### Task
Your answer should be the full data, transcribed exactly, with no pictures in it.

BEGIN Dataset excerpt

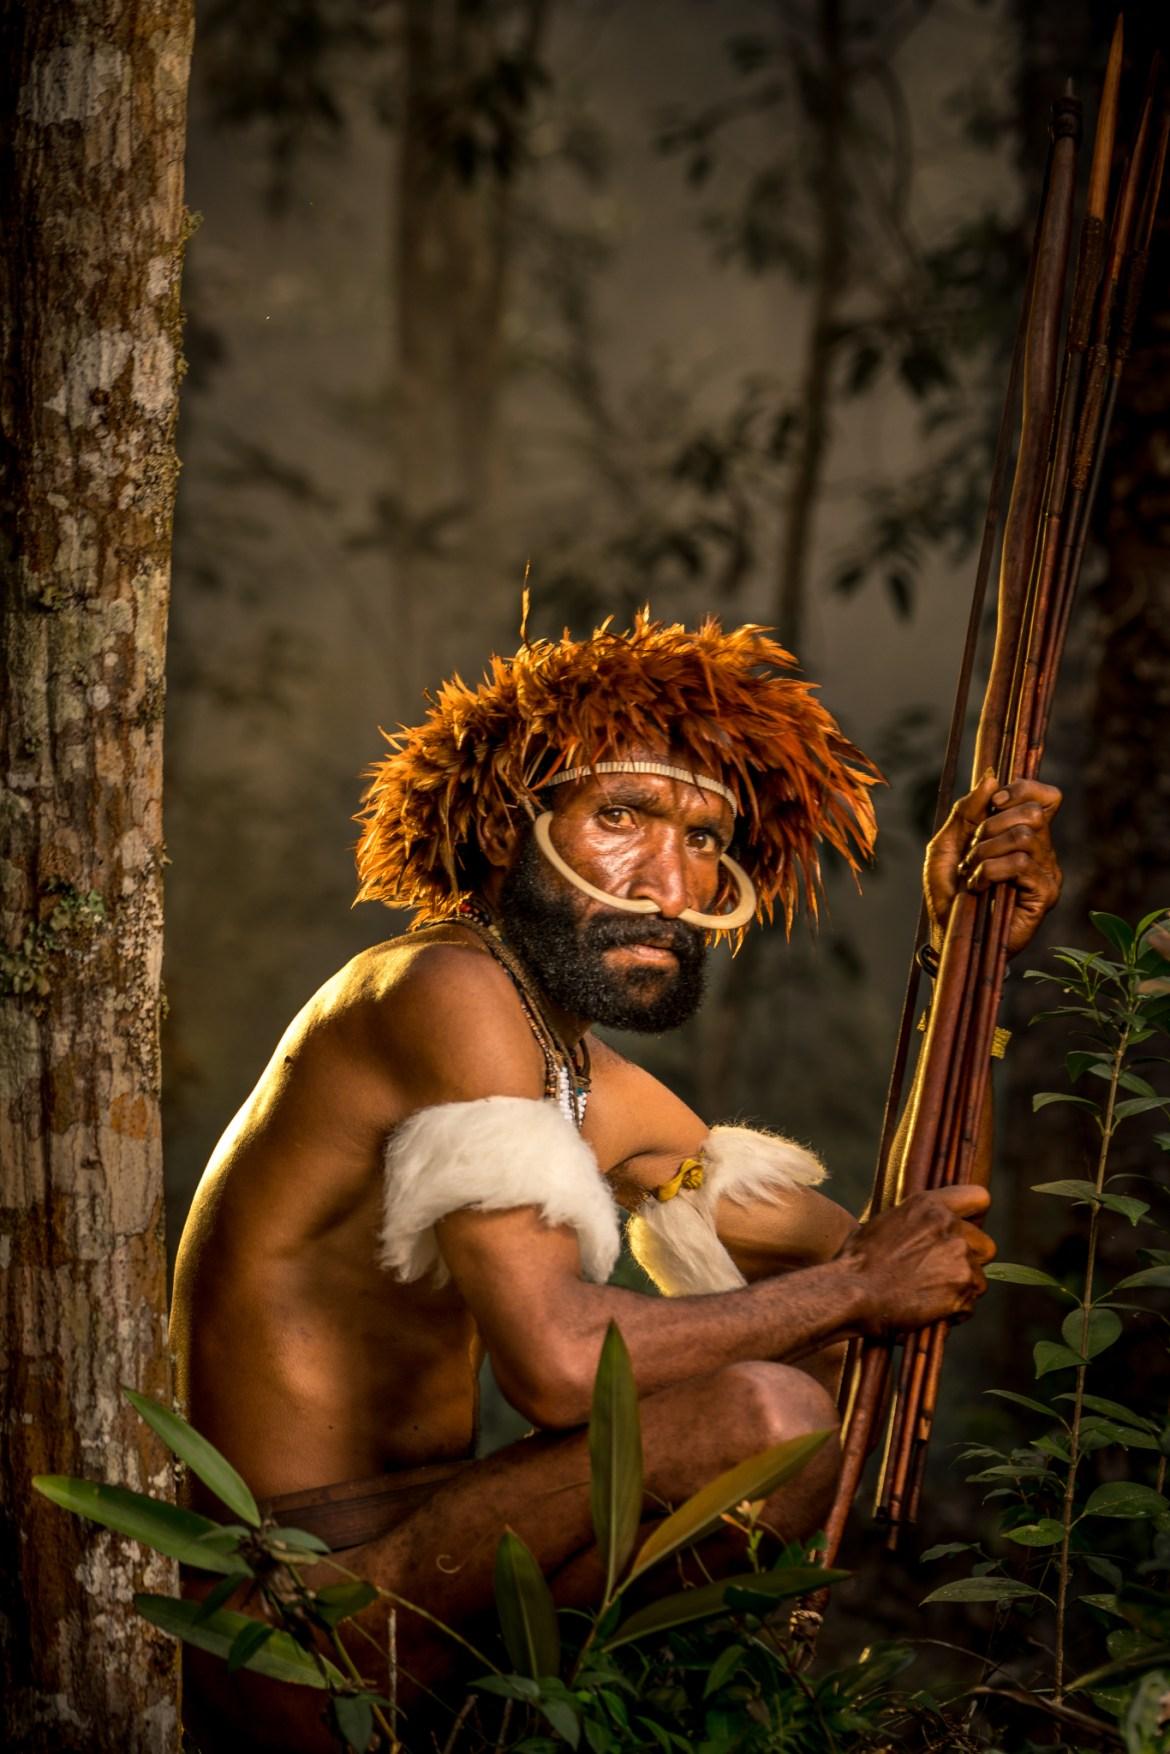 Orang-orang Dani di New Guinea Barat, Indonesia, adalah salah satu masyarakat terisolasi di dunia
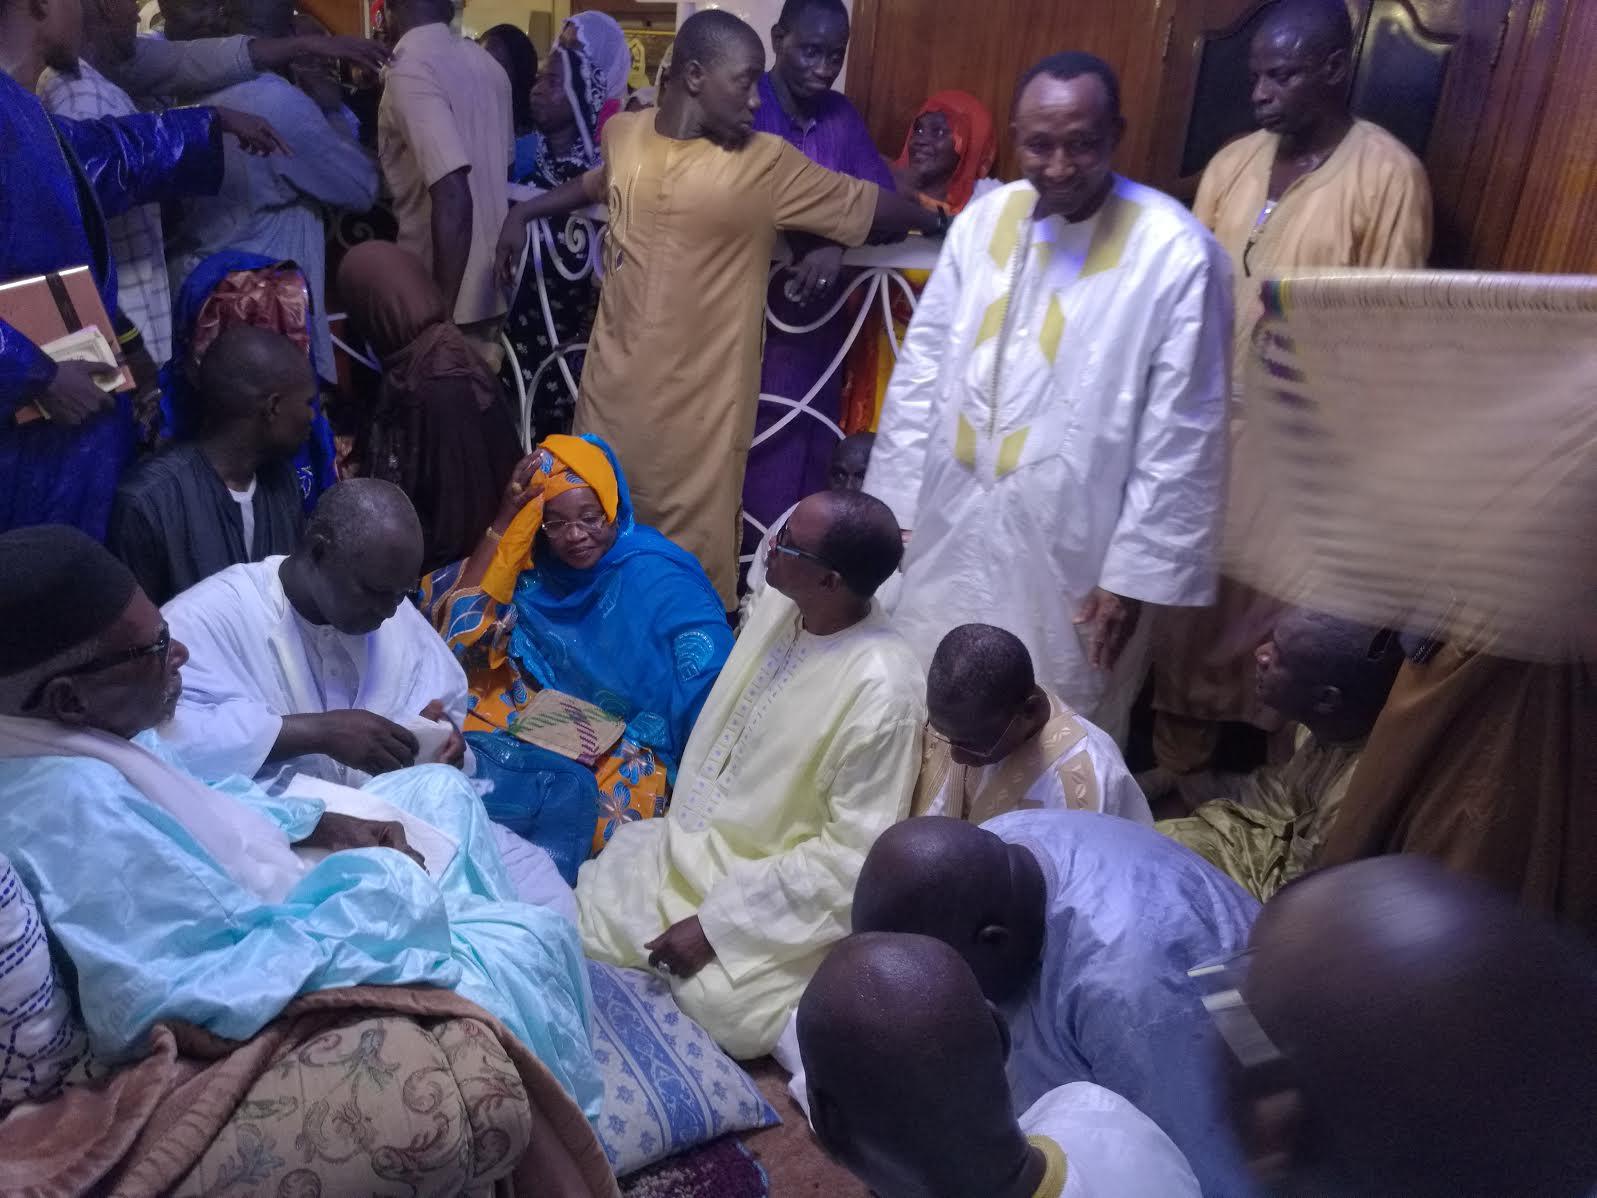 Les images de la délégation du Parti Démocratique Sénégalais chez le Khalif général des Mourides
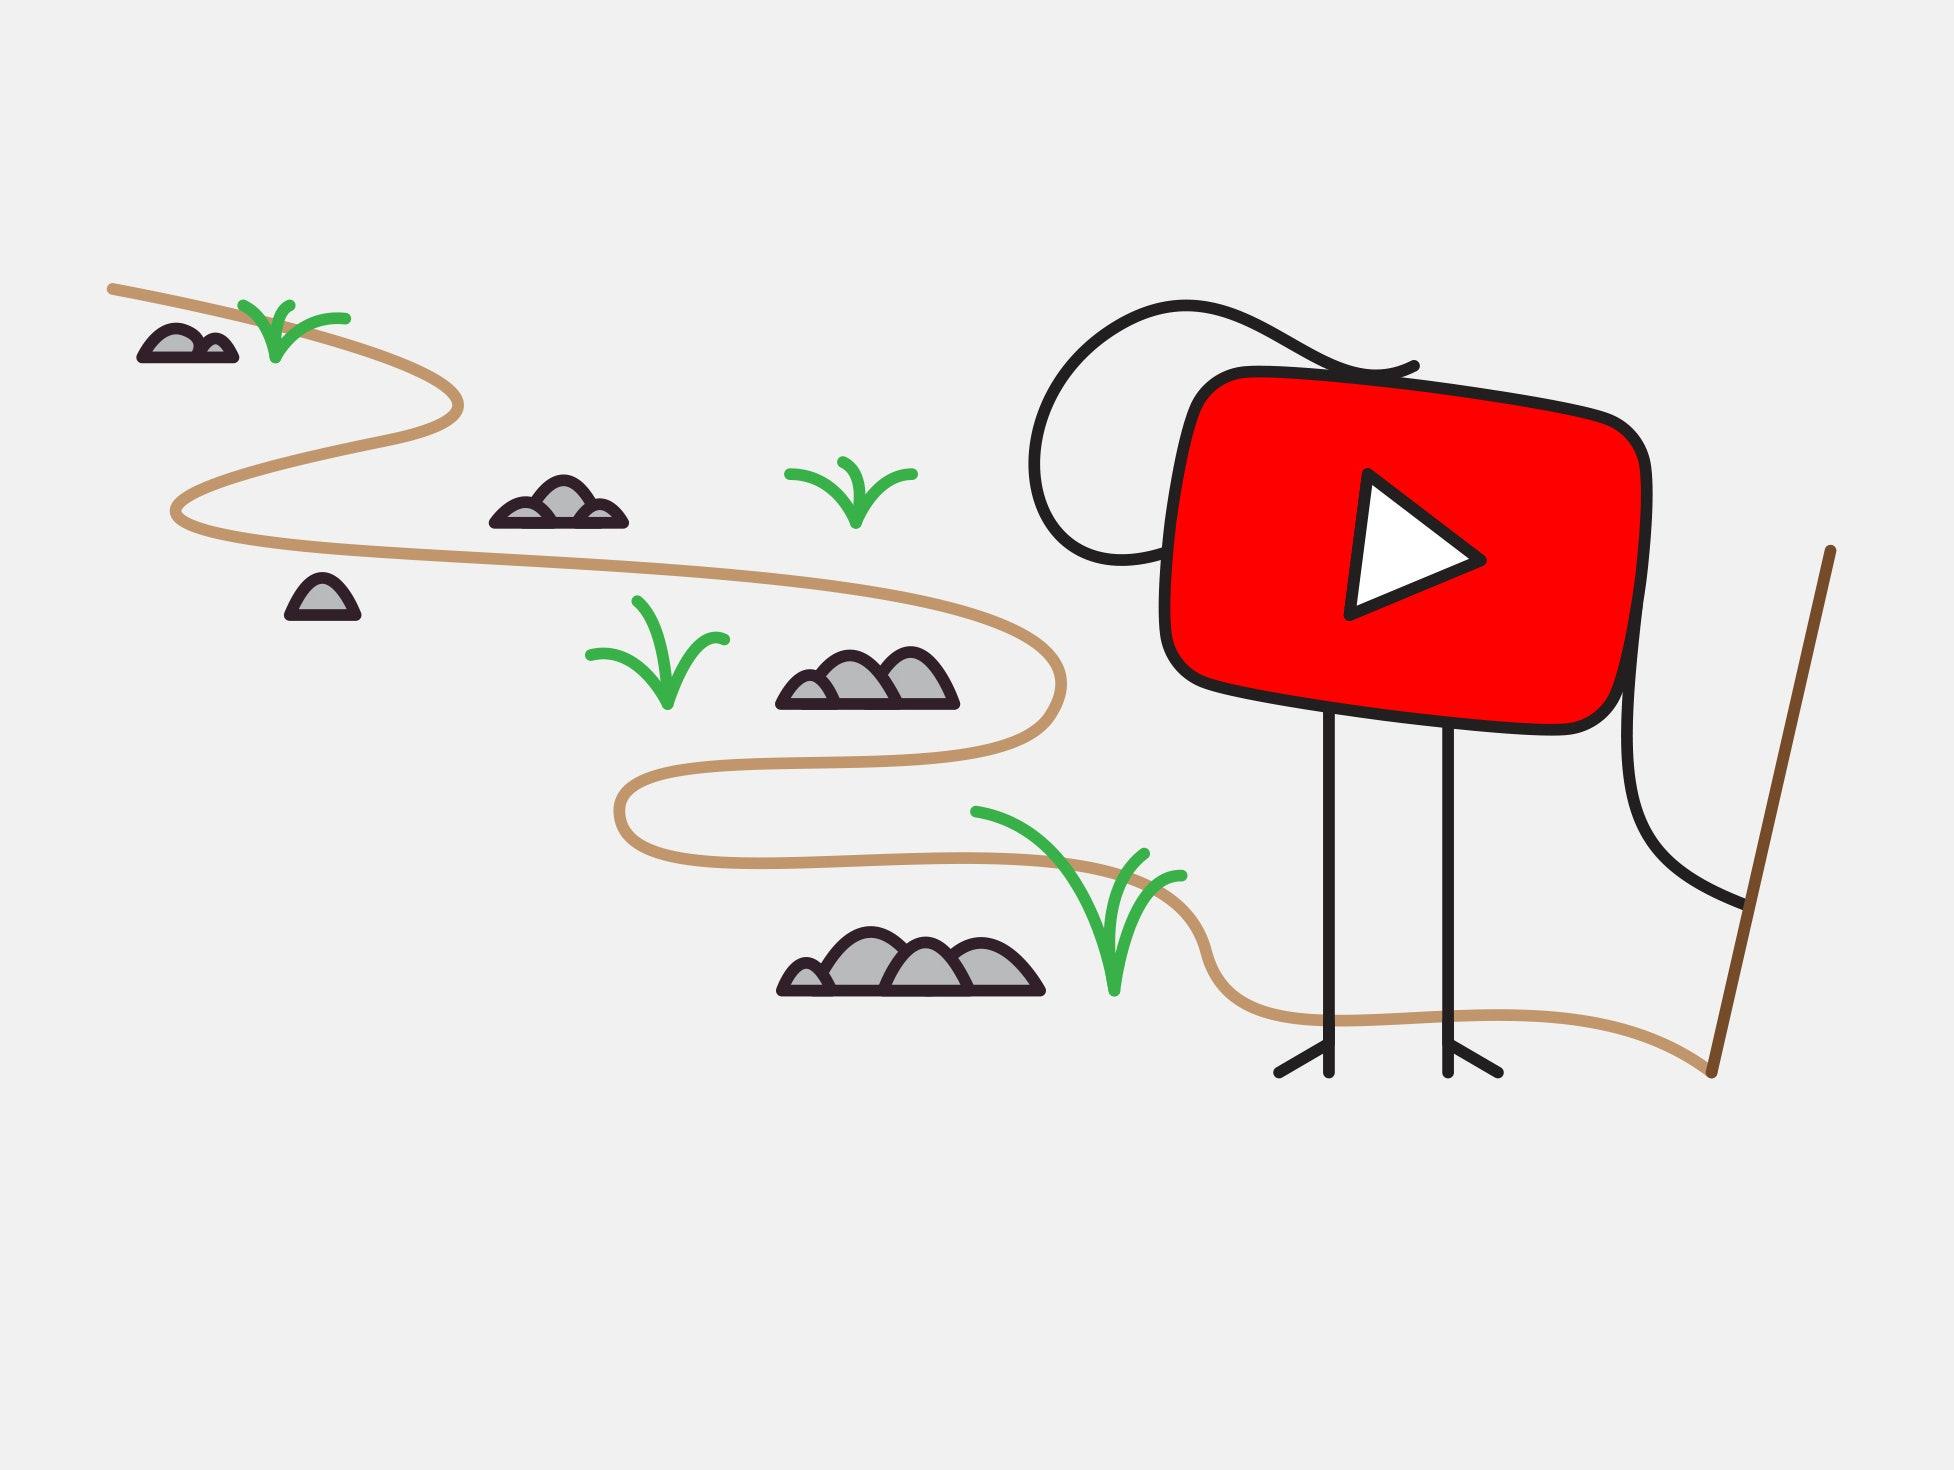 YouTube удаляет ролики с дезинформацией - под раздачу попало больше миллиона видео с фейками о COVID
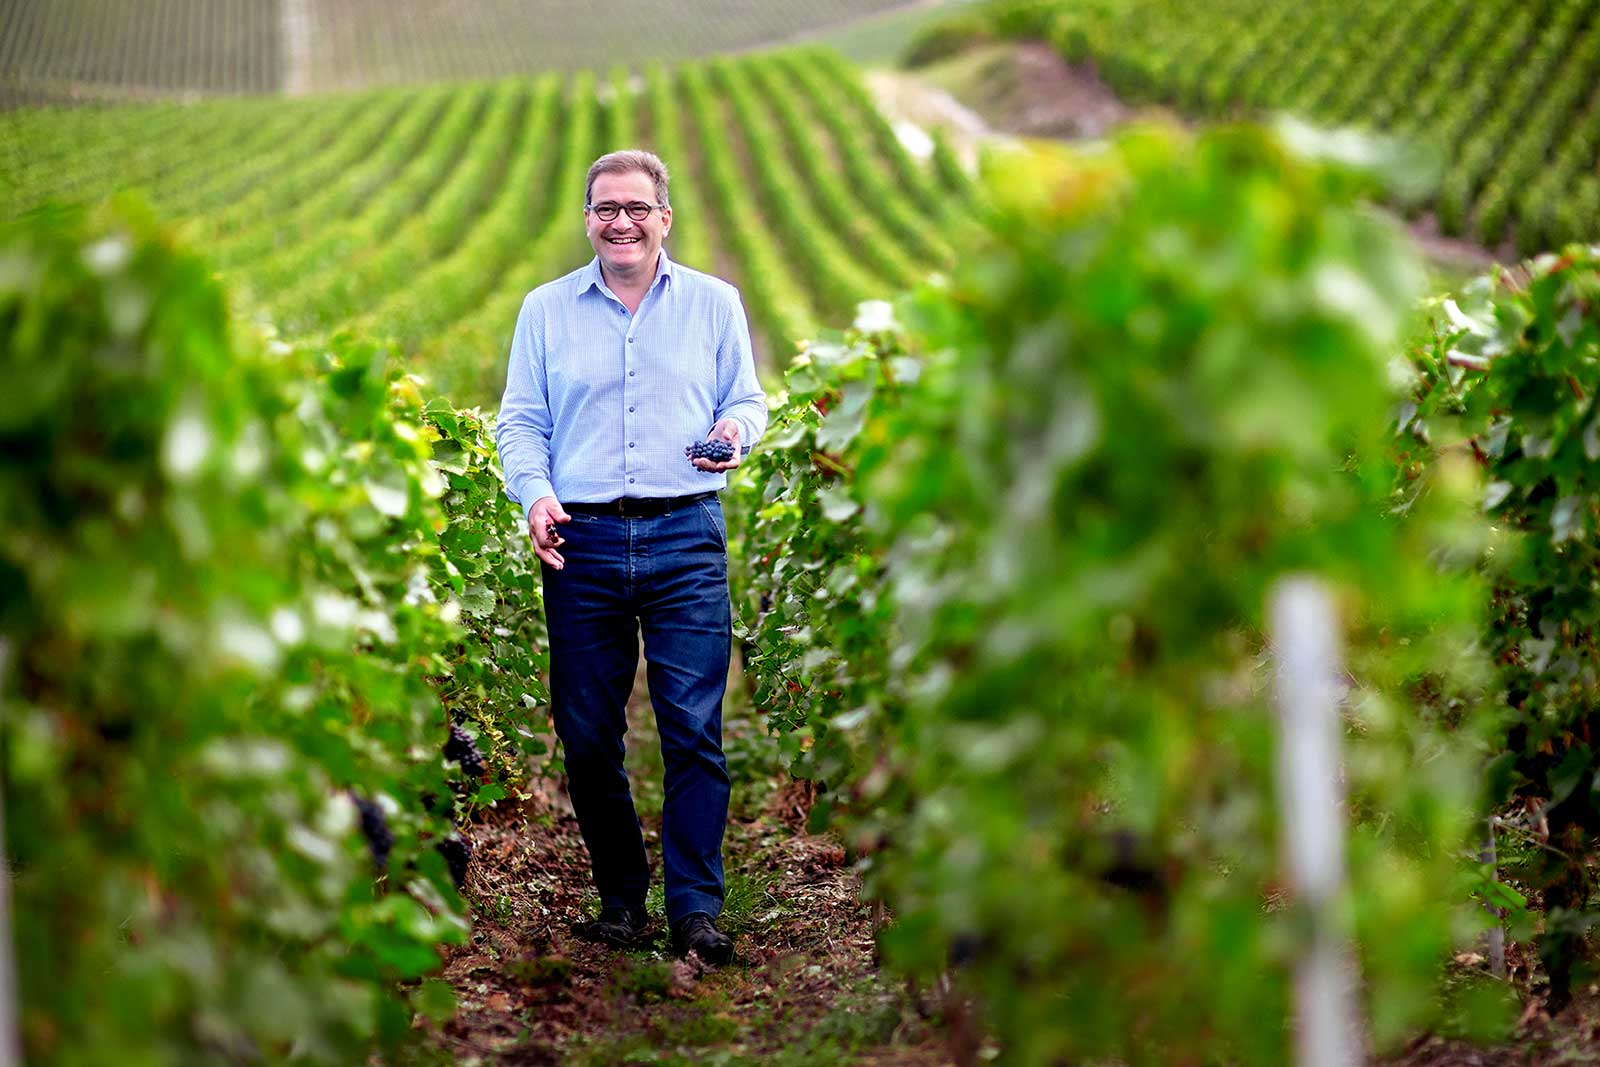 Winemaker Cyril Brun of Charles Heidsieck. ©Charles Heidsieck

END Dataset excerpt

### Result of the exercise
 Orang-orang Dani di New Guinea Barat, Indonesia, adalah salah satu masyarakat terisolasi di dunia
 Les images de la délégation du Parti Démocratique Sénégalais chez le Khalif général des Mourides
 YouTube удаляет ролики с дезинформацией - под раздачу попало больше миллиона видео с фейками о COVID
 Winemaker Cyril Brun of Charles Heidsieck. ©Charles Heidsieck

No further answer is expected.